In the entries below, find the line with "维多利亚 公寓 户型 图二 图 五 组 家装家配图 户型素材" and the line with "Сертификат участника. IV", then retype both and everything between them exactly. Do not copy the pictures.

- [Task material]
◇ ◇ ◇ ◇ ◇
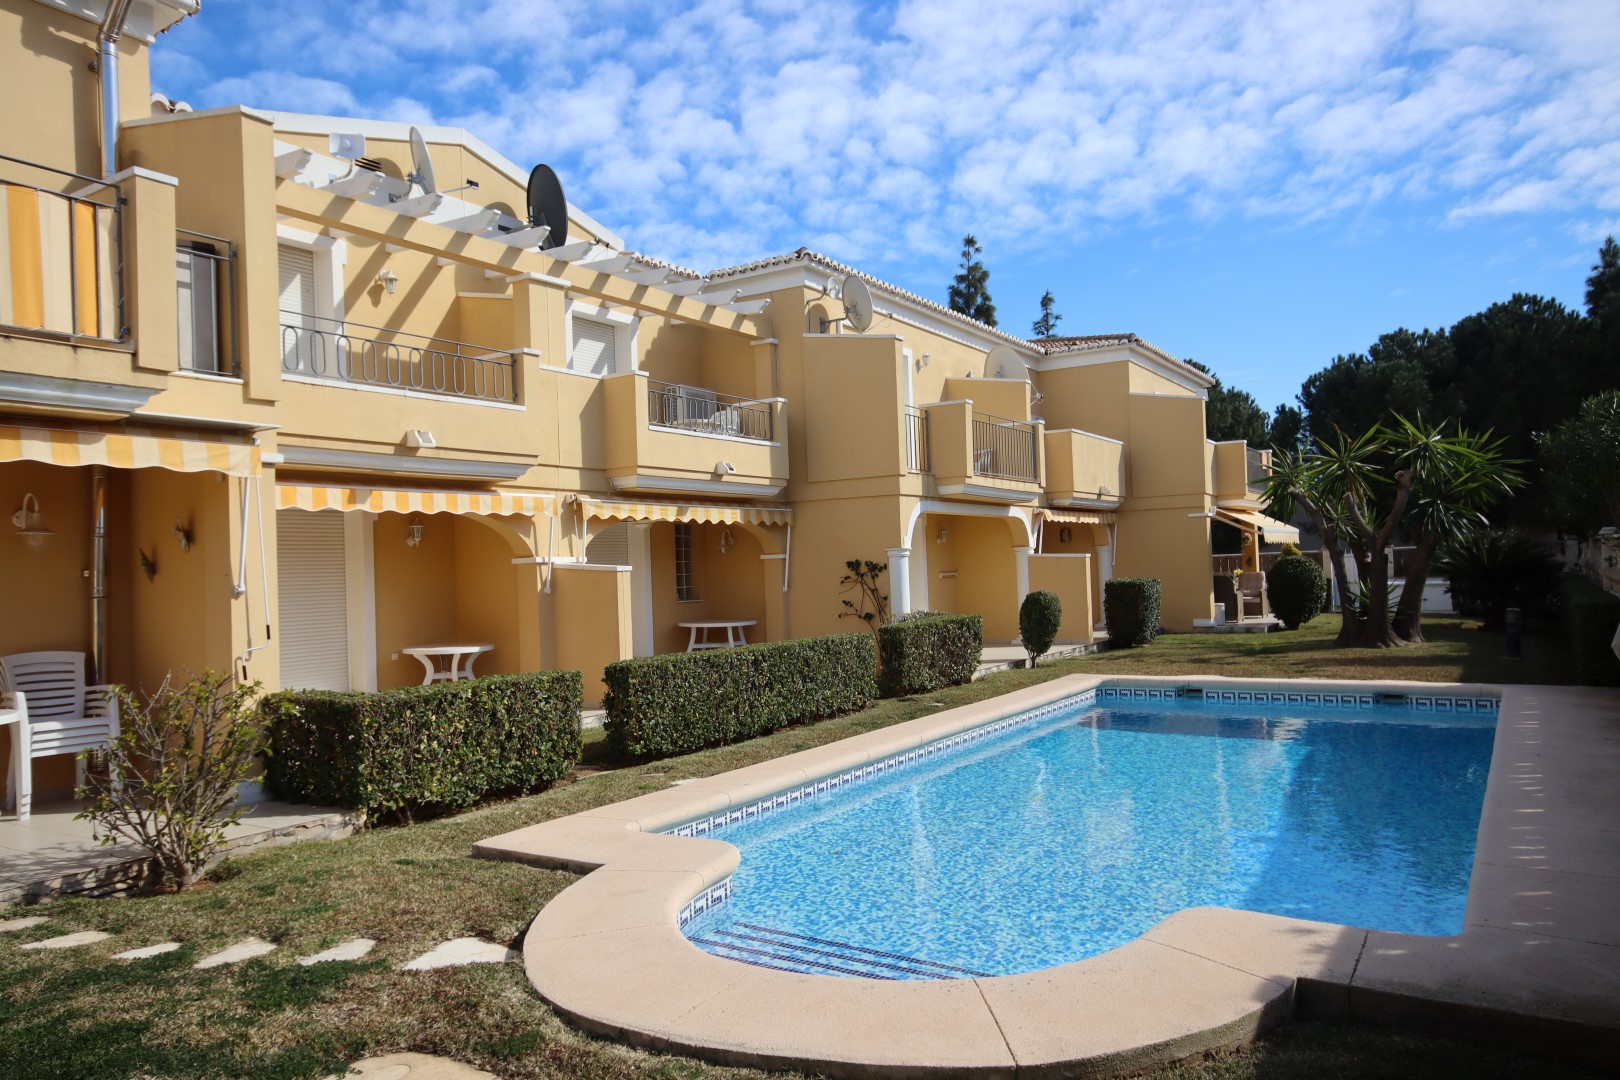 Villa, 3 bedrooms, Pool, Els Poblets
◇ ◇ ◇ ◇ ◇
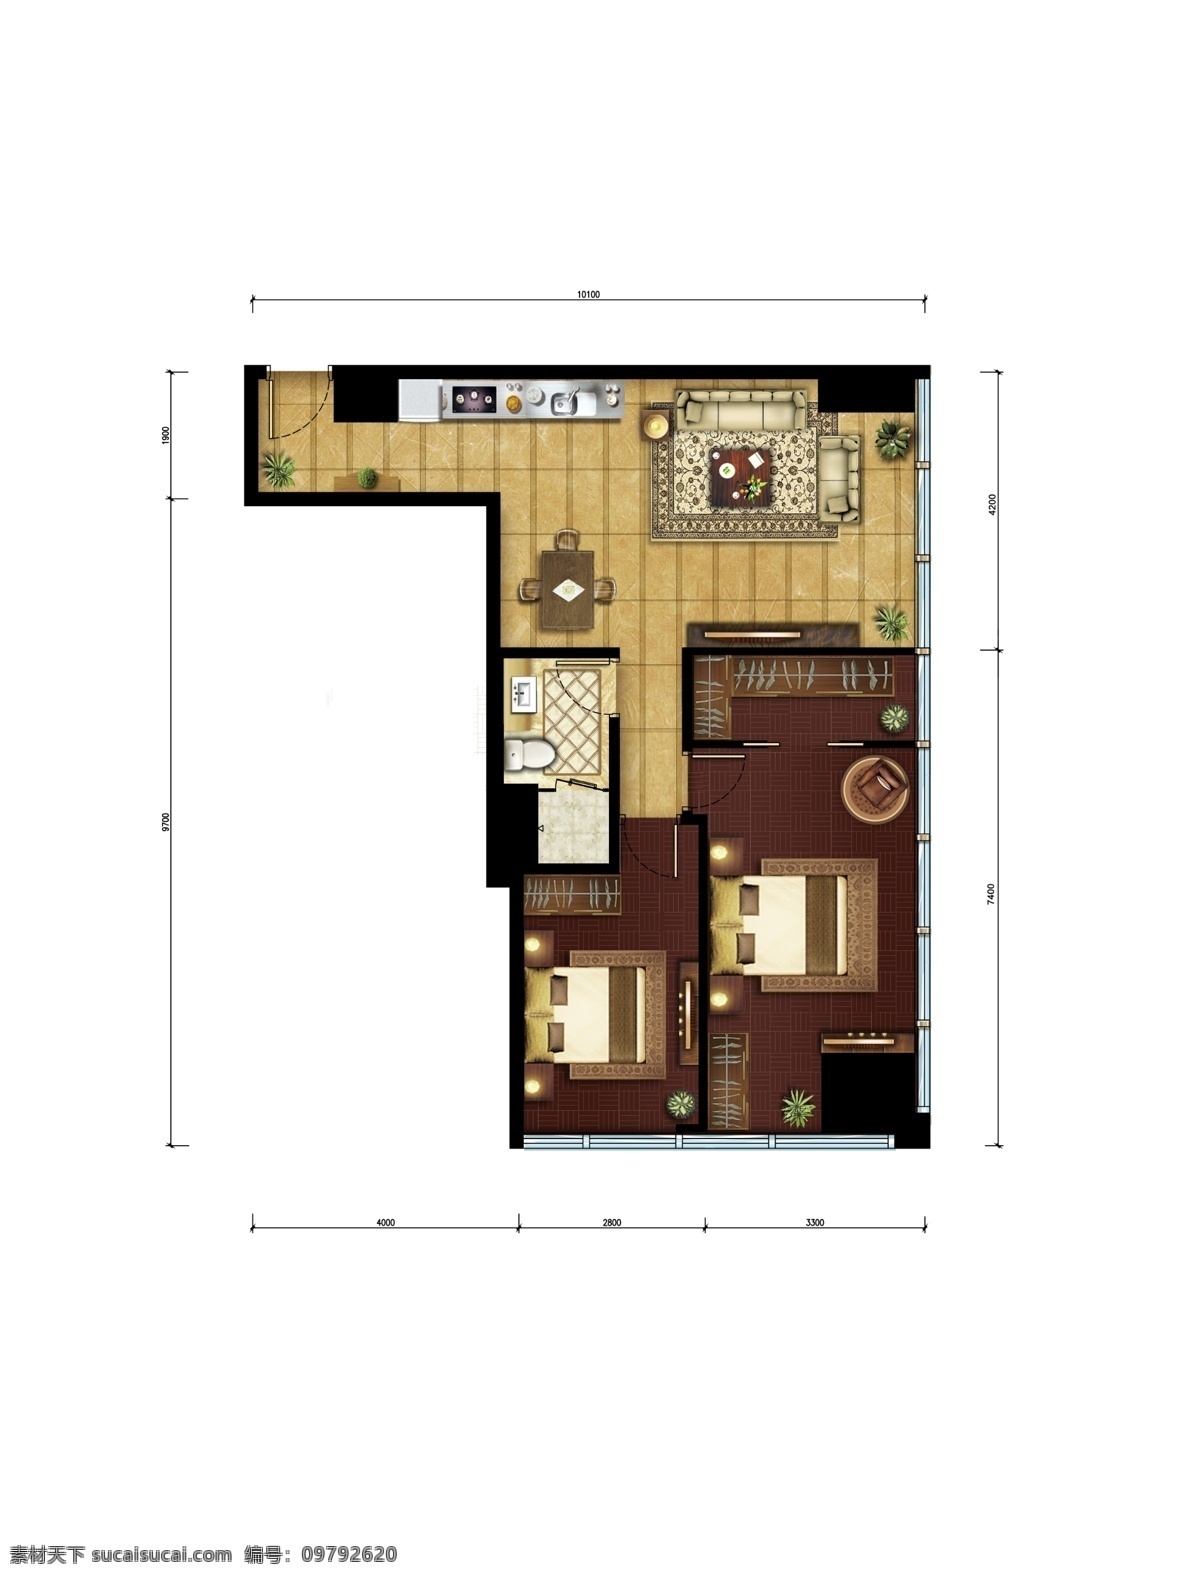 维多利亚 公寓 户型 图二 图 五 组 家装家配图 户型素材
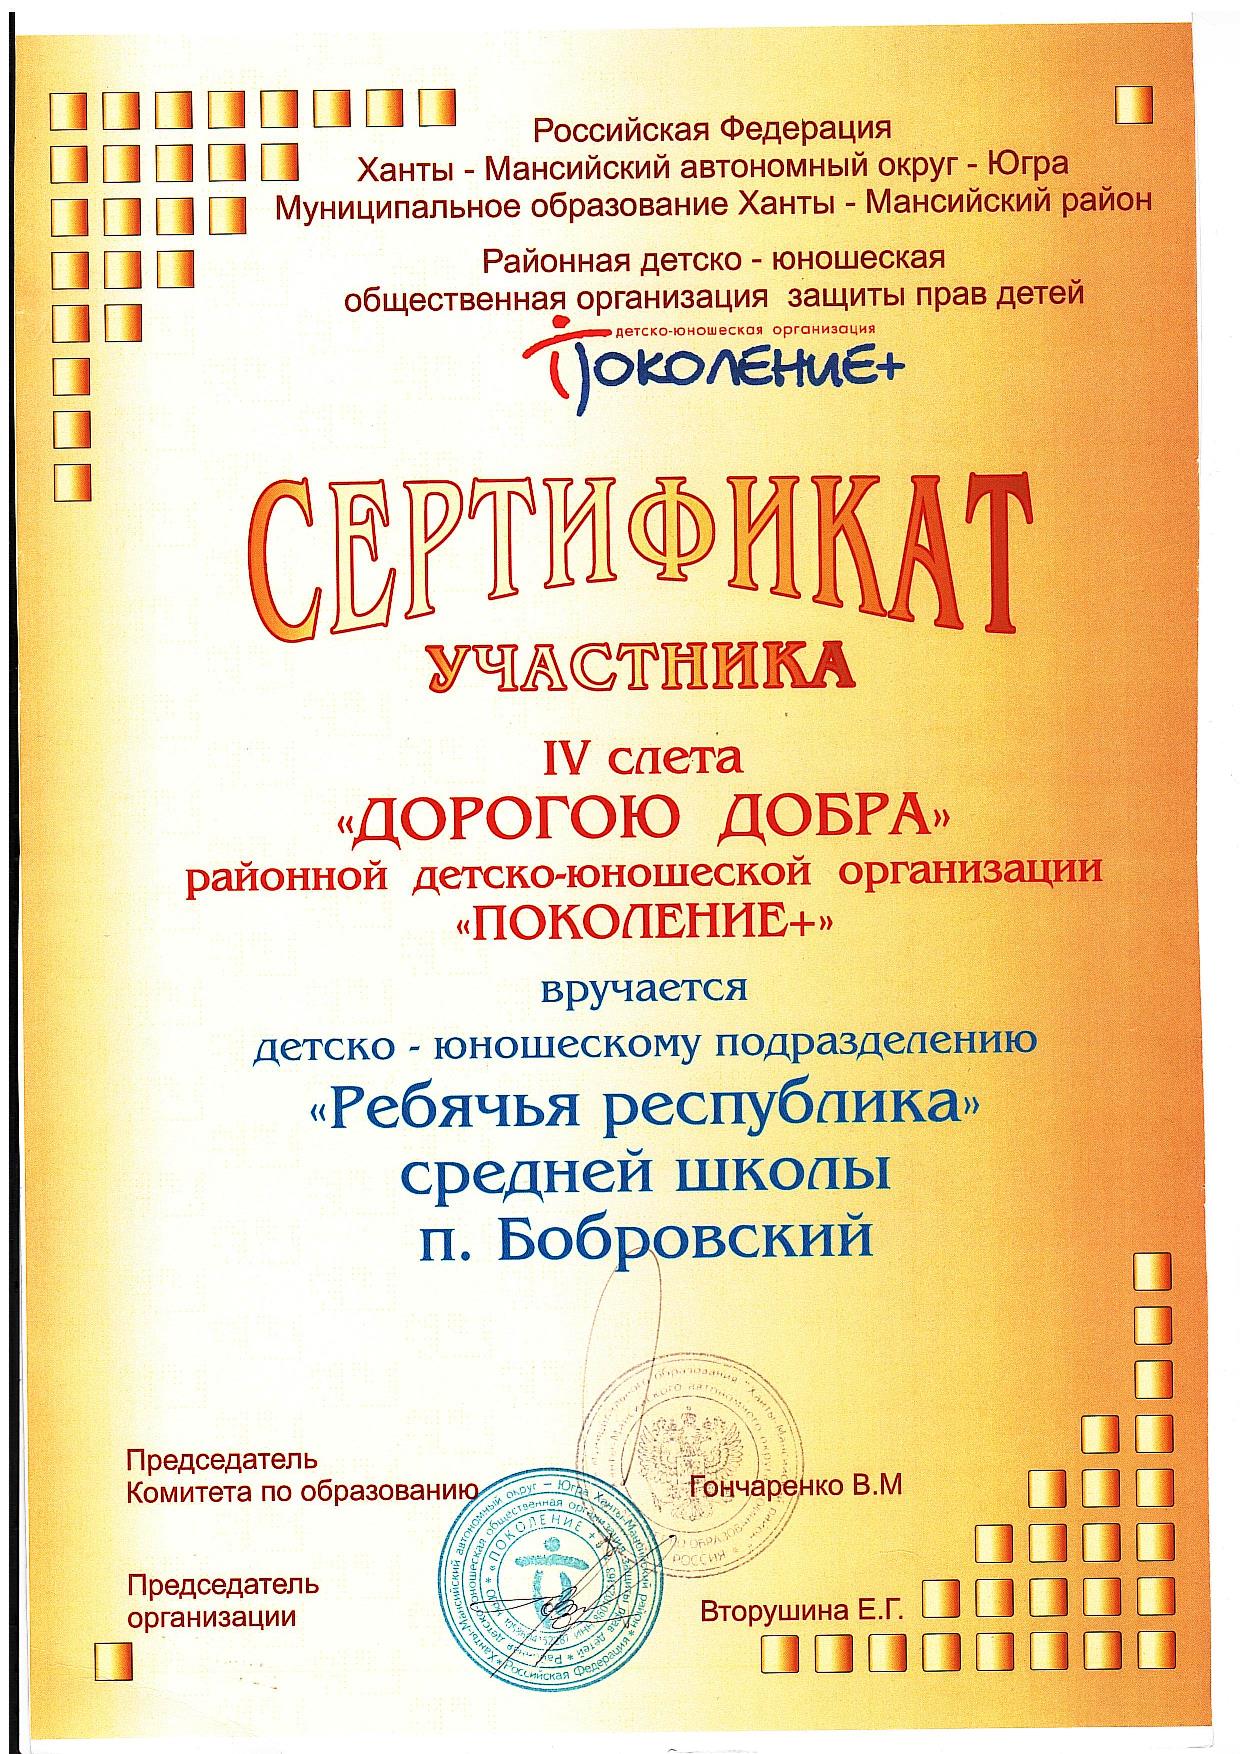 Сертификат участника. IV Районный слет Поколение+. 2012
◇ ◇ ◇ ◇ ◇
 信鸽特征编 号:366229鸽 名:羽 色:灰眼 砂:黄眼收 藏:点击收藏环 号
◇ ◇ ◇ ◇ ◇
- [Answer]
 维多利亚 公寓 户型 图二 图 五 组 家装家配图 户型素材
 Сертификат участника. IV Районный слет Поколение+. 2012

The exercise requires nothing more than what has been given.